Salió. Caminó con el hueso de la suerte apretado contra el corazón. O empezó caminando, pero no tardó en avanzar deslizándose, flotando, sin tocar el suelo. Te vuelves perezoso, pensó, pero aquello no le preocupaba especialmente. Los pasillos serpenteaban. Su antorcha parpadeaba verdosa, alargando la llama y amenazando con apagarse cuando iba demasiado deprisa. Estaba casi consumida, pero no la necesitaría en cuanto estuviera con Akiva.
Y llegó a la entrada de los baños de la cueva. Mientras tomaba la curva, notó una alegría en la garganta dispuesta a murmurar, riendo, «Por fin, por fin, pensé que me moriría» sobre la boca de Akiva, sobre su garganta, hambrienta y riendo e impaciente y…
Akiva no estaba allí.
Por supuesto, murmuró una voz diminuta y fría en su corazón.
La sofocó. Aún. Akiva no estaba allí aún. Lo que resultaba extraño, porque había dicho que iría allí directamente. Bueno, no pasaba nada. No había razón para preocuparse. Tal vez se hubiera perdido. No. Karou conocía lo suficiente las capacidades de Akiva como para creer eso.
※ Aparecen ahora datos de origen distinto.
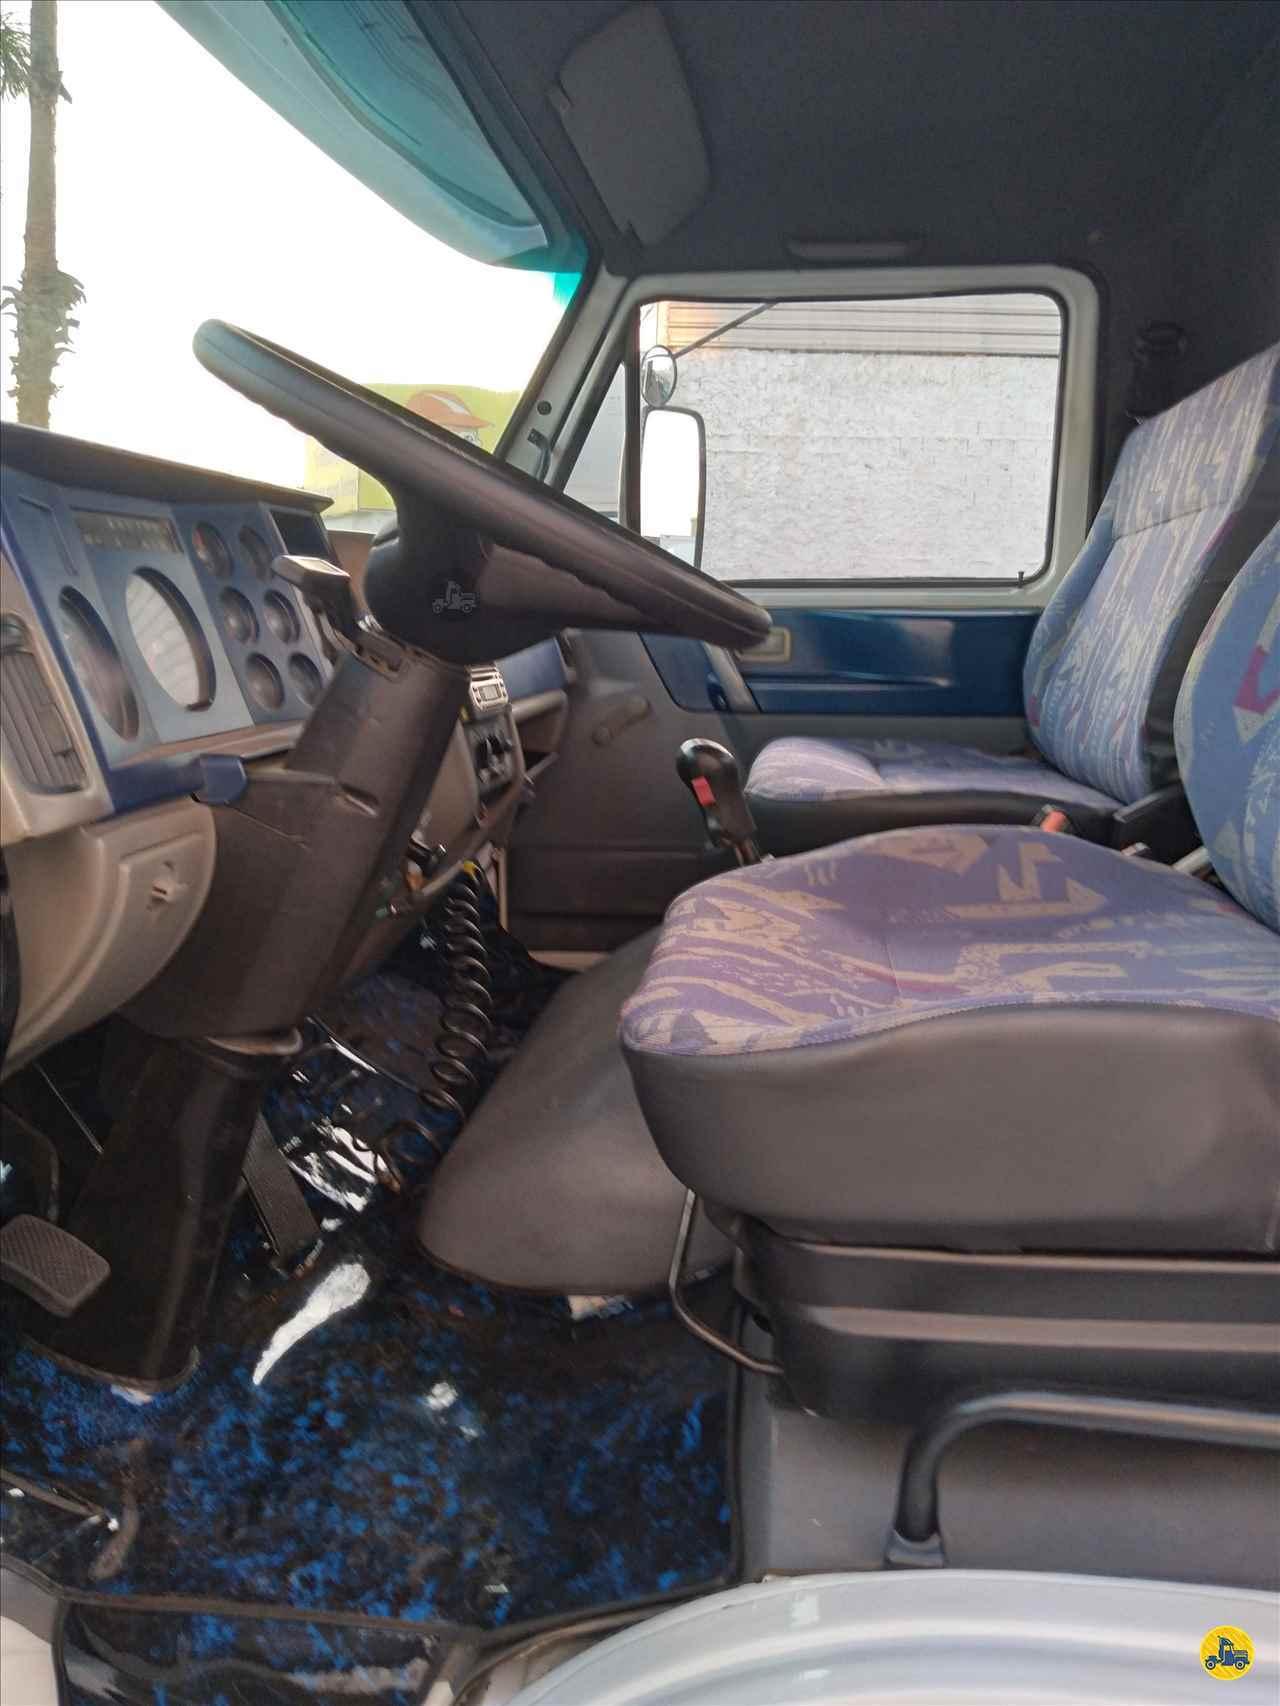 VOLKSWAGEN VW 13180  2008/2008 Adilson Caminhões

Tal vez hubiera acudido a hacer algo, pensando que regresaría antes que ella. Karou había llegado rápido; Ziri no se había entretenido.
El agua tenía un color verde pálido y humeaba, los espacios con cristales lanzaban destellos y los velos de musgo de la oscuridad oscilaban donde los brotes más largos rozaban la corriente. Karou pensó en quitarse la ropa y meterse en el agua, pero solo brevemente, y no en serio. Un presentimiento le estaba atenazando los hombros. No estaba preparada para una sensación tan intensa y, entonces, se dio cuenta de que había estado esperando que sucediera algo malo desde que atravesaron el portal de Veskal. ¿Qué cosa mala? No lo sabía. Aquella pequeña y fría voz de por supuesto también lo ignoraba. La vocecilla simplemente sabía —Karou simplemente sabía, hasta cierto punto— que había sido todo demasiado sencillo.
Era una sensación en la espina dorsal, como la que había notado justo antes de la emboscada de los Dominantes. Echaba algo en falta.
Sí. Akiva. Eso era lo que echaba en falta.
Debería estar aquí.
Karou trató de ser sensata. Solo llevaba allí cinco segundos; Akiva doblaría la esquina en cualquier momento.
Pero no lo hizo.
Por supuesto, por supuesto. ¿Creías que realmente ibas a conseguir la felicidad?
El pulso de Karou se aceleró más y su respiración se volvió superficial, pero esta vez se trataba de pánico apenas contenido, no de deseo.
Akiva no llegó.
La antorcha de Karou chisporroteó y se apagó, y no tenía ningún fuego seráfico para iluminar su regreso por el pasillo. Tuvo que palpar el camino en la oscuridad, aferrando el hueso de la suerte intacto contra su corazón.